Given material START

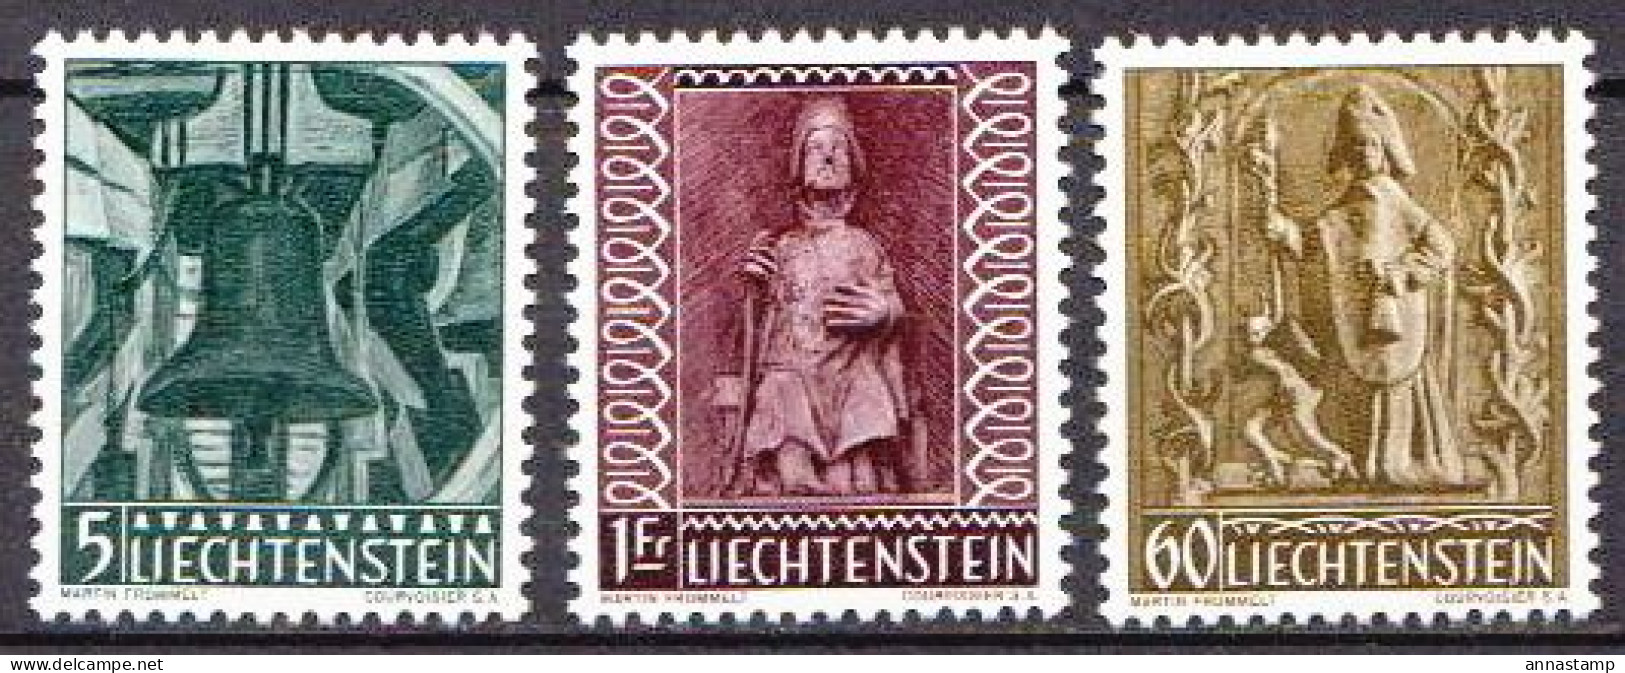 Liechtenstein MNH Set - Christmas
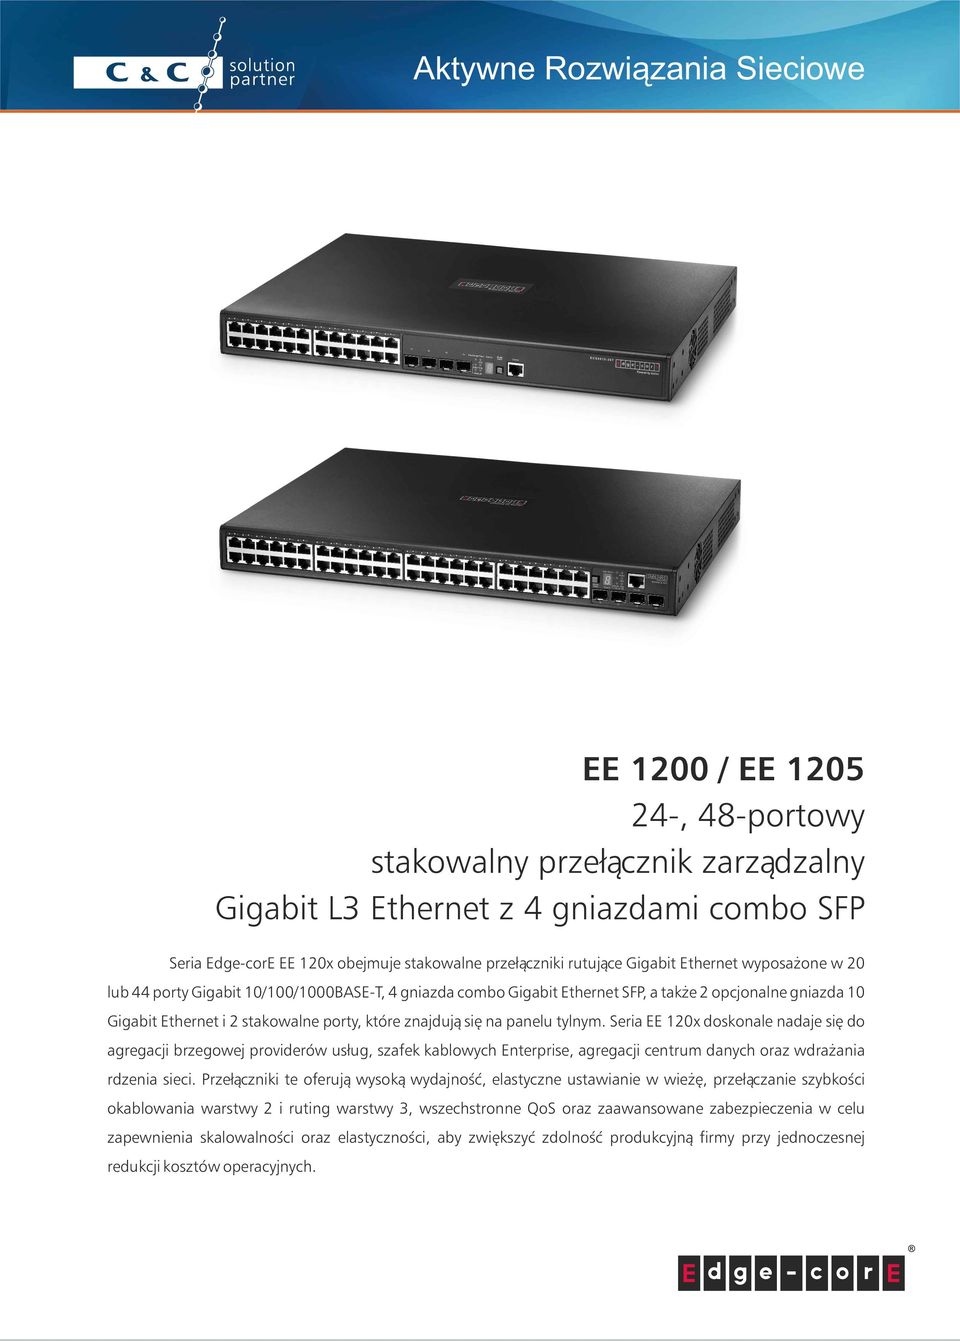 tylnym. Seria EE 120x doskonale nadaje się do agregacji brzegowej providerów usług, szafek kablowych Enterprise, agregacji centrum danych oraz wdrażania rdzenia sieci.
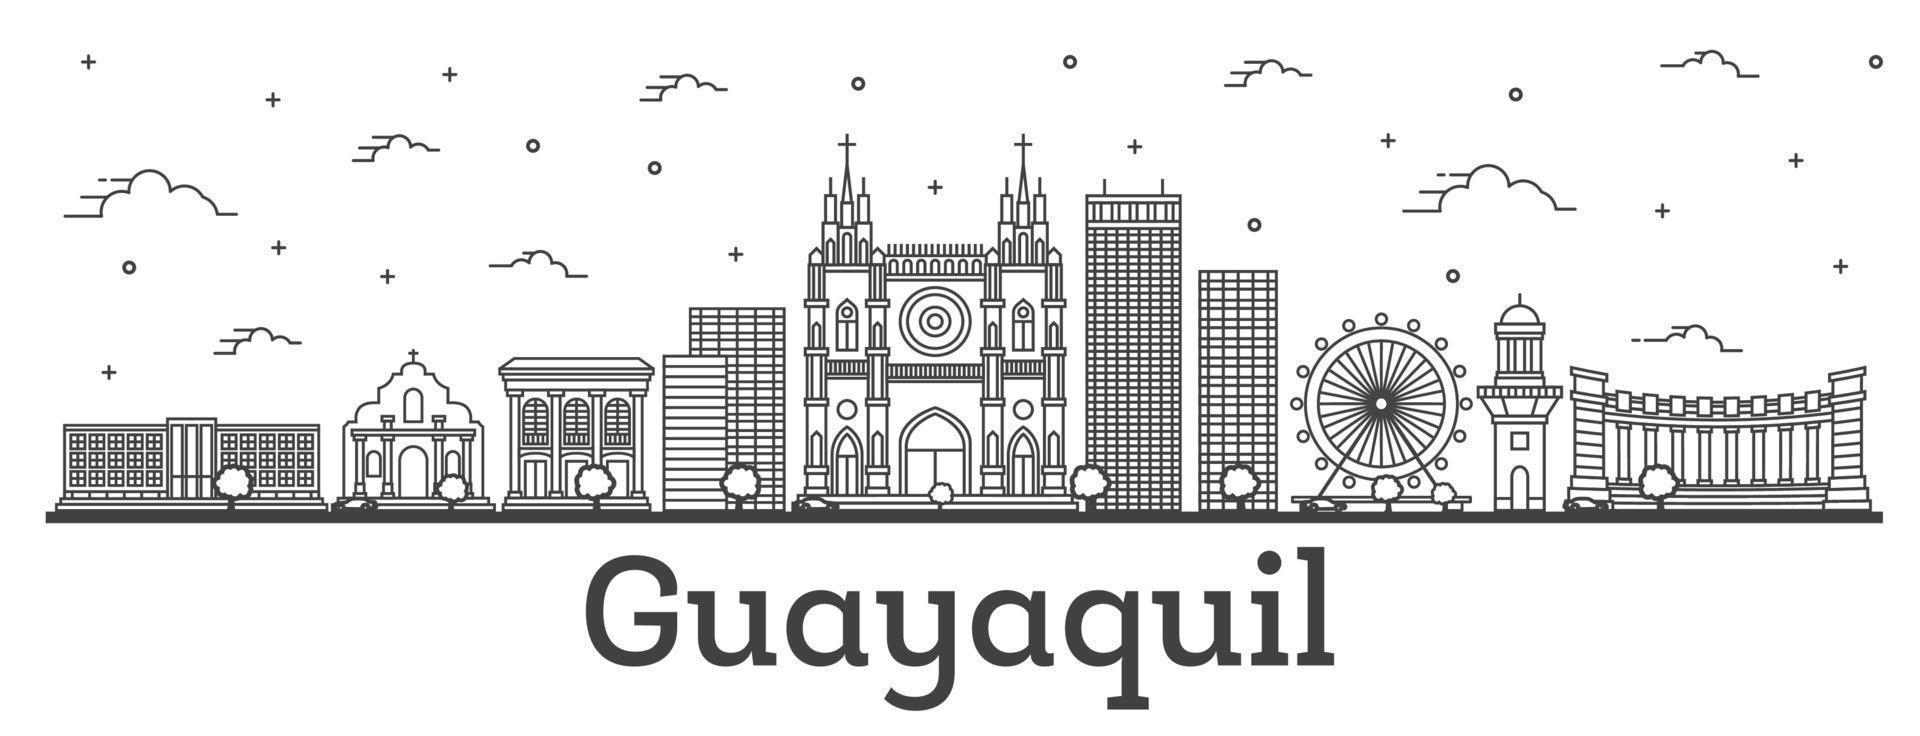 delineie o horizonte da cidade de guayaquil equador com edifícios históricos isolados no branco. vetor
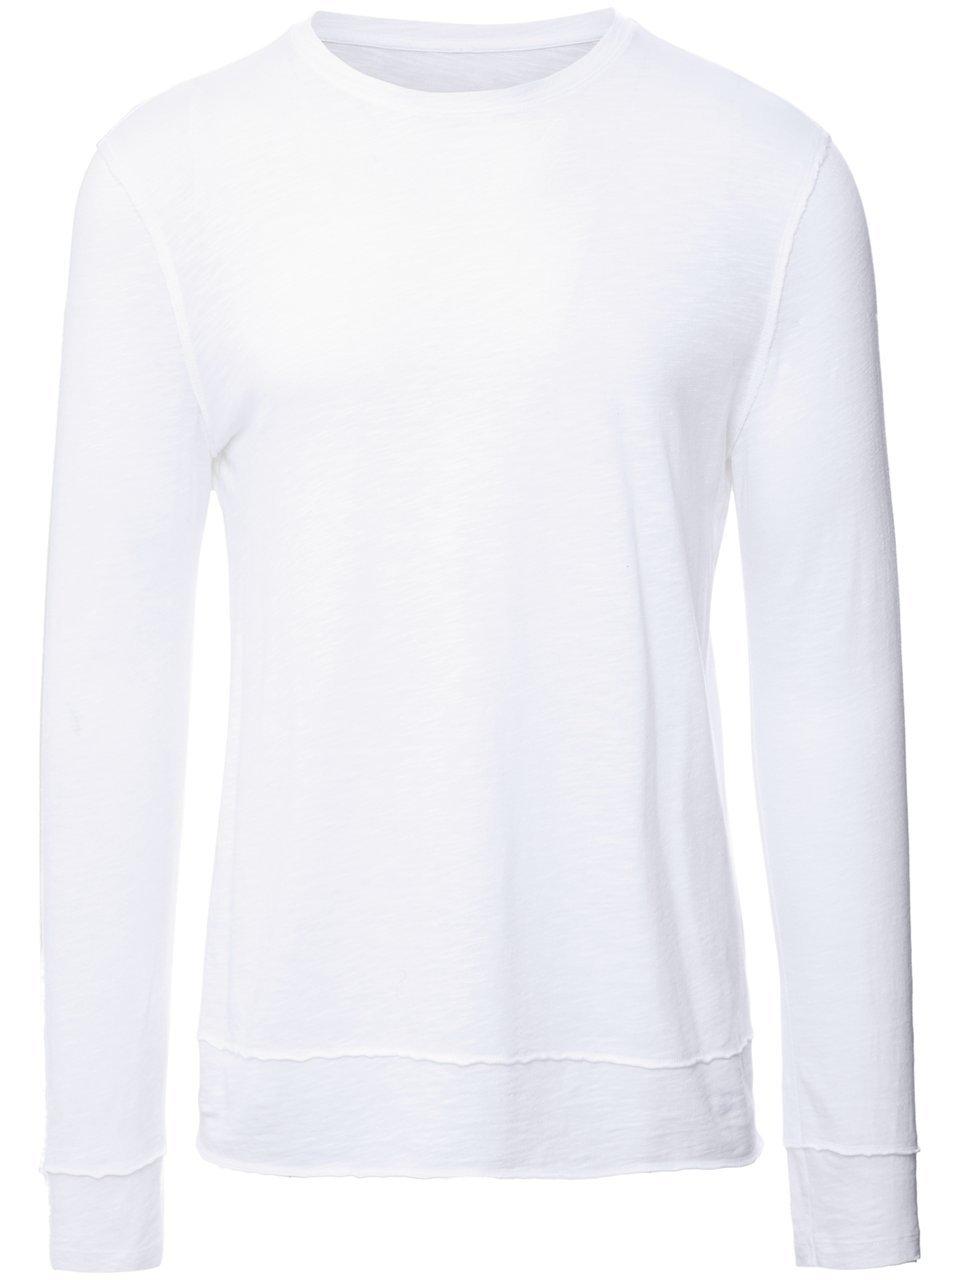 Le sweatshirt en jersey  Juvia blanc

Given material END

What you write must match, line for line, the lines from the one with "delineie o horizonte" through the last line of the data above, minus the pictures.

Your response:
 delineie o horizonte da cidade de guayaquil equador com edifícios históricos isolados no branco. vetor
 Le sweatshirt en jersey  Juvia blanc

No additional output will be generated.